Es geht ansich immer schon rauf und runter , war, nach meinem Empfinden, schön zu fahren.


----------



## Bul (27. August 2010)

Wenn ich es schaffe werde ich morgen die Strecke befahren. Kann euch ja schildern wie die Beschaffenheit ist nach den regnerischen Tagen und wo eventuell "Gefahrensituationen" sind.

Gruß bul

PS: apoptygma, sehen wir uns denn beim P-Weg oder bist du bis dahin auch noch nicht wieder fit? Was war denn in Grafschaft?


----------



## Erars (28. August 2010)

Bul schrieb:


> Wenn ich es schaffe werde ich morgen die Strecke befahren. Kann euch ja schildern wie die Beschaffenheit ist nach den regnerischen Tagen und wo eventuell "Gefahrensituationen" sind.


Das fänd ich klasse


----------



## M::::: (28. August 2010)

Bul schrieb:


> Wenn ich es schaffe werde ich morgen die Strecke befahren. Kann euch ja schildern wie die Beschaffenheit ist nach den regnerischen Tagen und wo eventuell "Gefahrensituationen" sind.
> 
> Gruß bul



Das wär echt nett. Nach dem Dauerregen der letzten Tage bin ich bezügl. des spärlich profilierten Reifens etwas unsicher . Es gibt ja Schotterwege die stecken das locker weg und welche die völlig aufweichen.


----------



## Bul (28. August 2010)

Momentan schüttet es hier noch ohne Ende. 
Ich hoffe das wird noch etwas mit der Rundfahrt.

Grüße bul


----------



## M::::: (28. August 2010)

Im Zweifelsfall reicht mir auch die Auskunft,ob die Wege erfahrungsgemäß nach so nem Mistwetter,in halbwegs brauchbaren Zustand bleiben.


----------



## transalper09 (28. August 2010)

BIn gestern weite Teile der Strecke gefahren. Die meißten Wege waren absolut in Ordsnung, fast trocken..aber heute nacht hat es hier noch mal kräftig geregnet..sollte aber gut zu fahren sein. Ich bin allerdings auf die ersten 300meter gespannt.. da wird es ziemlich matschig und eng werden..naja hauptsache morgen kein Dauerregen..


----------



## Bul (28. August 2010)

M::::: schrieb:


> Im Zweifelsfall reicht mir auch die Auskunft,ob die Wege erfahrungsgemäß nach so nem Mistwetter,in halbwegs brauchbaren Zustand bleiben.
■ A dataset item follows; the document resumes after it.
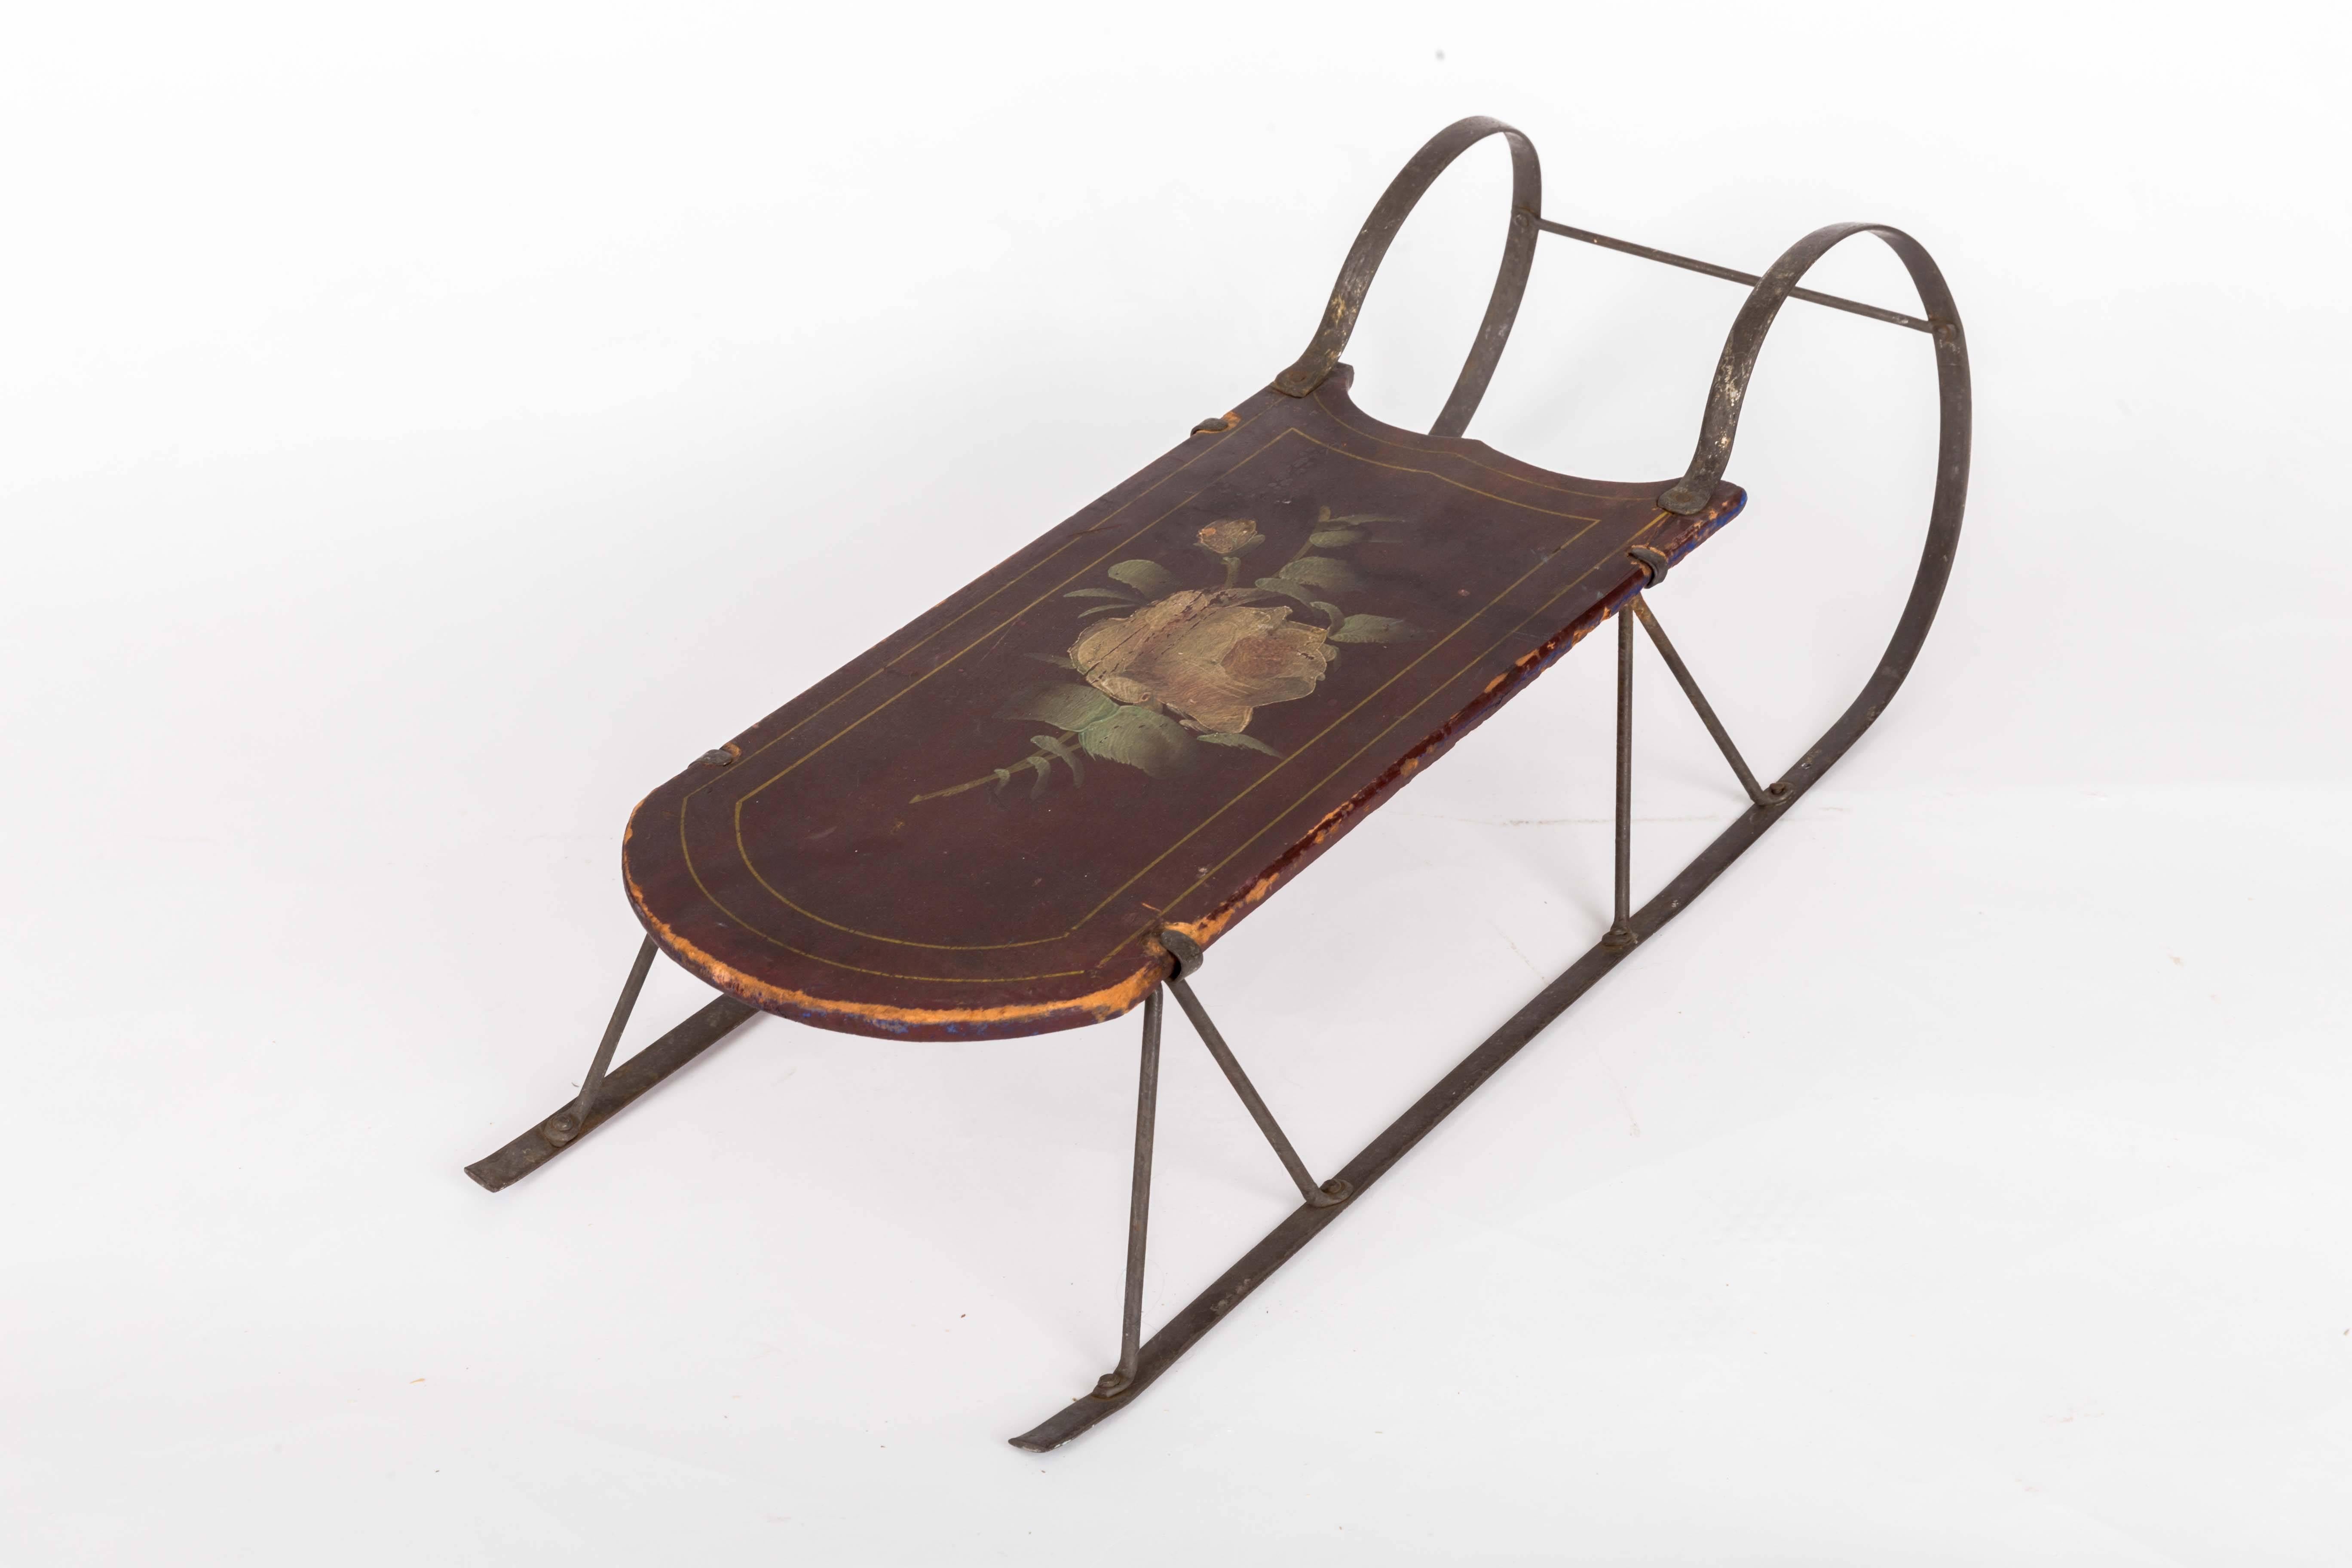 19th-century petite child's sled with bent iron 
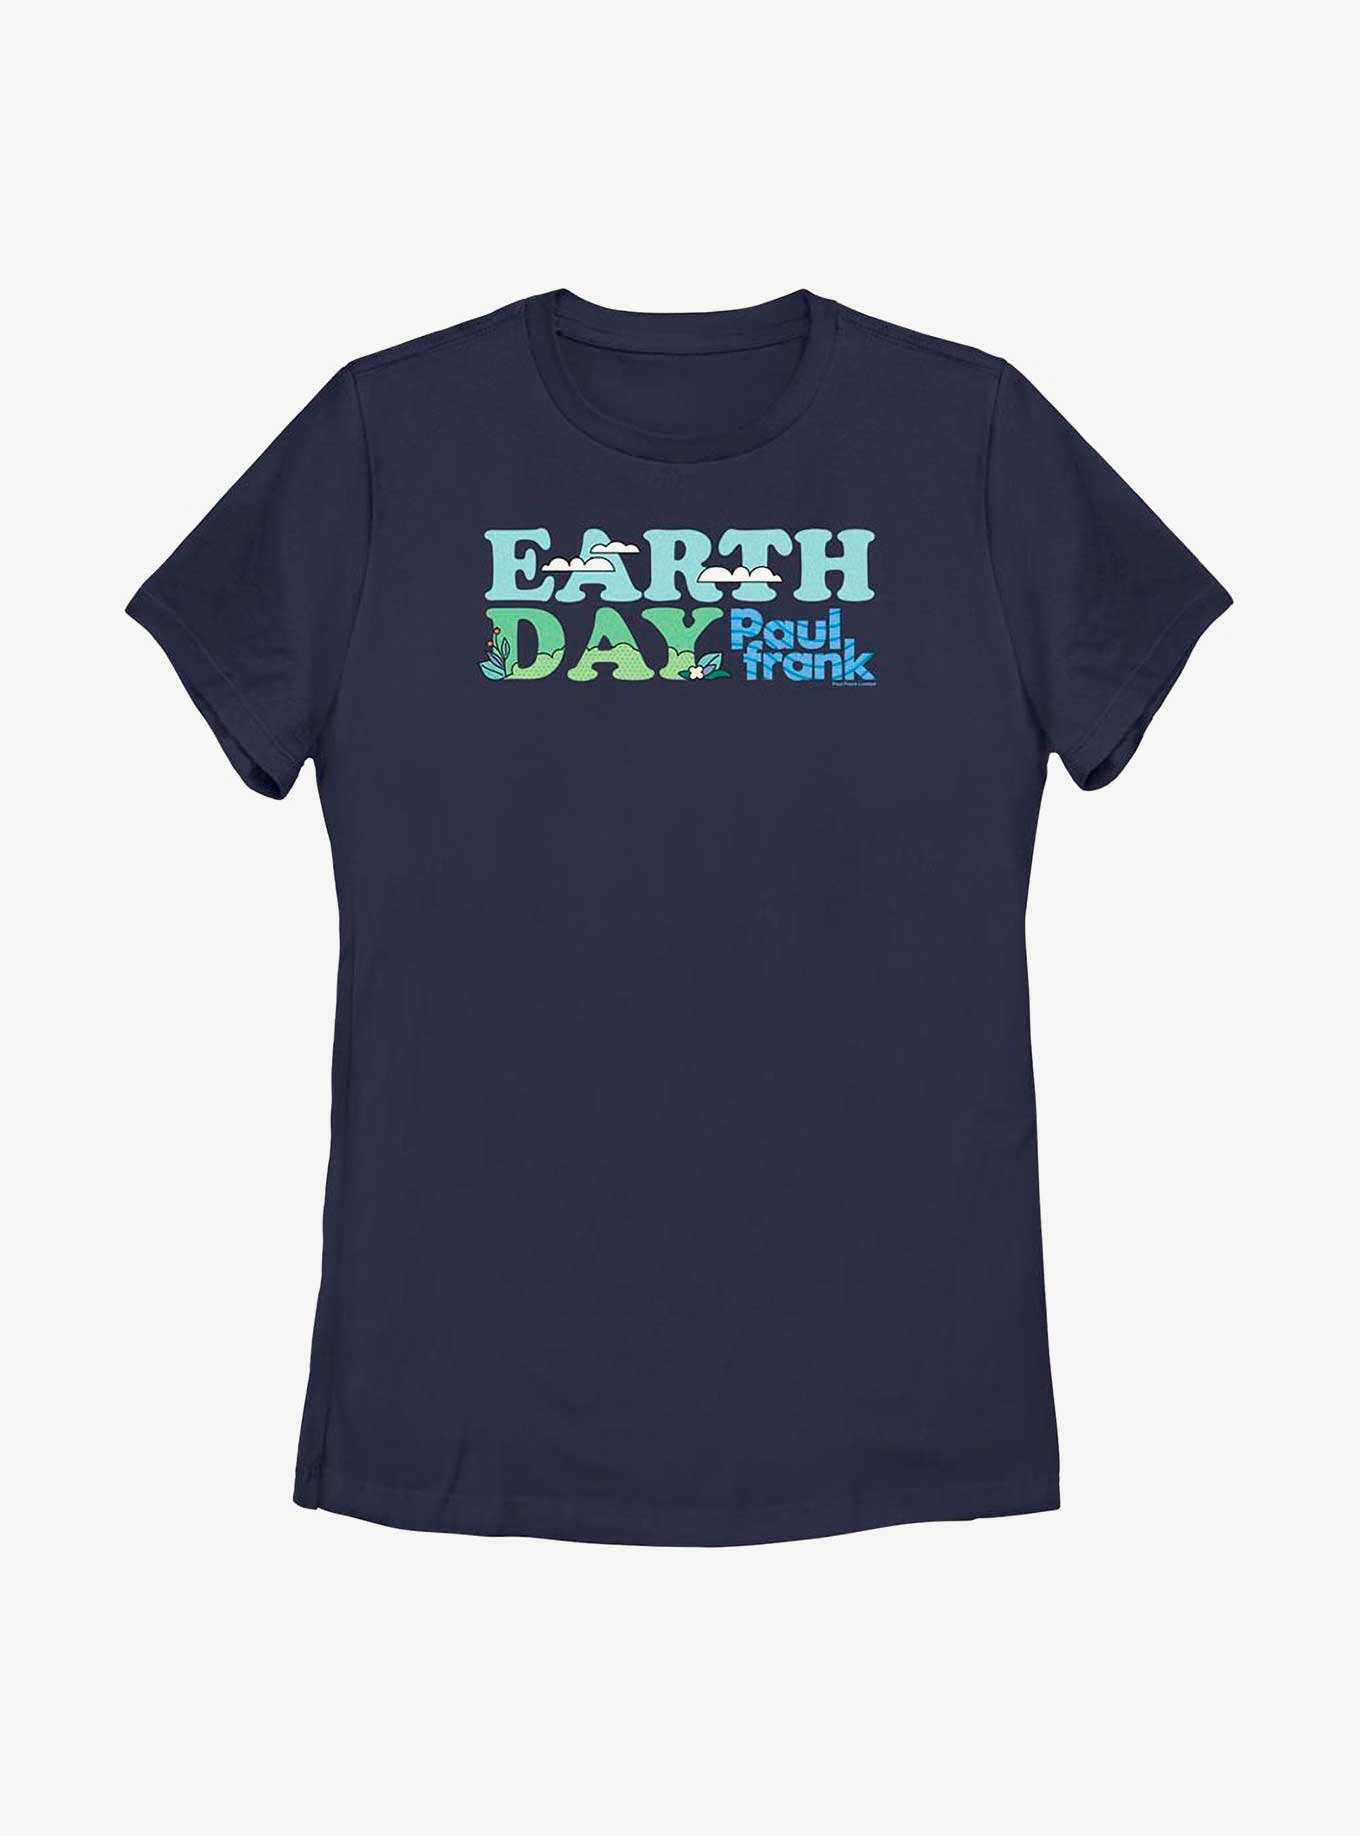 Paul Frank Earth Day Womens T-Shirt, , hi-res

Wie transalper schon angedeutet hat ist die Strecke auch nach so einem Mistwetter gut fahrbar. Ich bin sie zuletzt am letzten Wochenende gefahren und da war sie gut in Schuss.

@ transalper: Meinst du die ersten 300m am Wildwald wo man über diesen fetten Gummischlauch fahren muss? Letztes Mal haben sich mehrere unserer Truppe an dem Schlauch gelegt, weil das Hinterrad wegzog


----------



## MTB-News.de




----------



## M::::: (28. August 2010)

Besten Dank


----------



## transalper09 (28. August 2010)

Jau genau da meine ich!! Das Rohr ist glatt wie schmierseife!! Wenn's geht Vorderrad rüber, laufen lassen hd Hinterrad drueber hoch ziehen. Bloß nicht in dir Pedale gehn Vll haben sie es ja auch mit Erde begraben...eng wird's auf jeden Fall..


----------



## Bul (28. August 2010)

Jop eng wird es bestimmt sein für die Fahrer morgen.
Wo ich letztes Wochenende daher geradelt bin, waren nur zwei Stöcke an beiden Seiten aufgestellt und mit Farbe mackiert, als Warnung denke ich mal.

Grüße bul


----------



## SBIKERC (28. August 2010)

kurze Info für alle die morgen aus Raum Ruhrgebiet über die A40 anreisen wollen
-> die A40 ist zwischen Gelsenkirchen und Bochum in beiden Richtungen vollgesperrt
Umleitung wohl vorhanden aber ich wollte über die A42 bis zur A45 fahren
also aufjedenfall Mehr Zeit einplanen


----------



## Pif (28. August 2010)

SBIKERC schrieb:


> ich wollte über die A42 bis zur A45 fahren
> also aufjedenfall Mehr Zeit einplanen



Auf der 42 zwischen Herne und Castrop (irgendwo nach Herne Wanne und vor Herne Börning) ist ne doofe Baustelle. Auf der Hinfahrt aufgrund der frühen Zeit bestimmt zu ignorieren, aber auf der Rückfahrt vielleicht bedenken.


----------



## Bul (29. August 2010)

An einem kurzen Asphaltstück wird eine Pflegestation sein und ich werde dort stehen und euch mit Bananen bewerfen. Viel Erfolg morgen.


----------



## Honigblume (29. August 2010)

Bul schrieb:


> An einem kurzen Asphaltstück wird eine *Pflegestation* sein und ich werde dort stehen und euch mit Bananen bewerfen. Viel Erfolg morgen.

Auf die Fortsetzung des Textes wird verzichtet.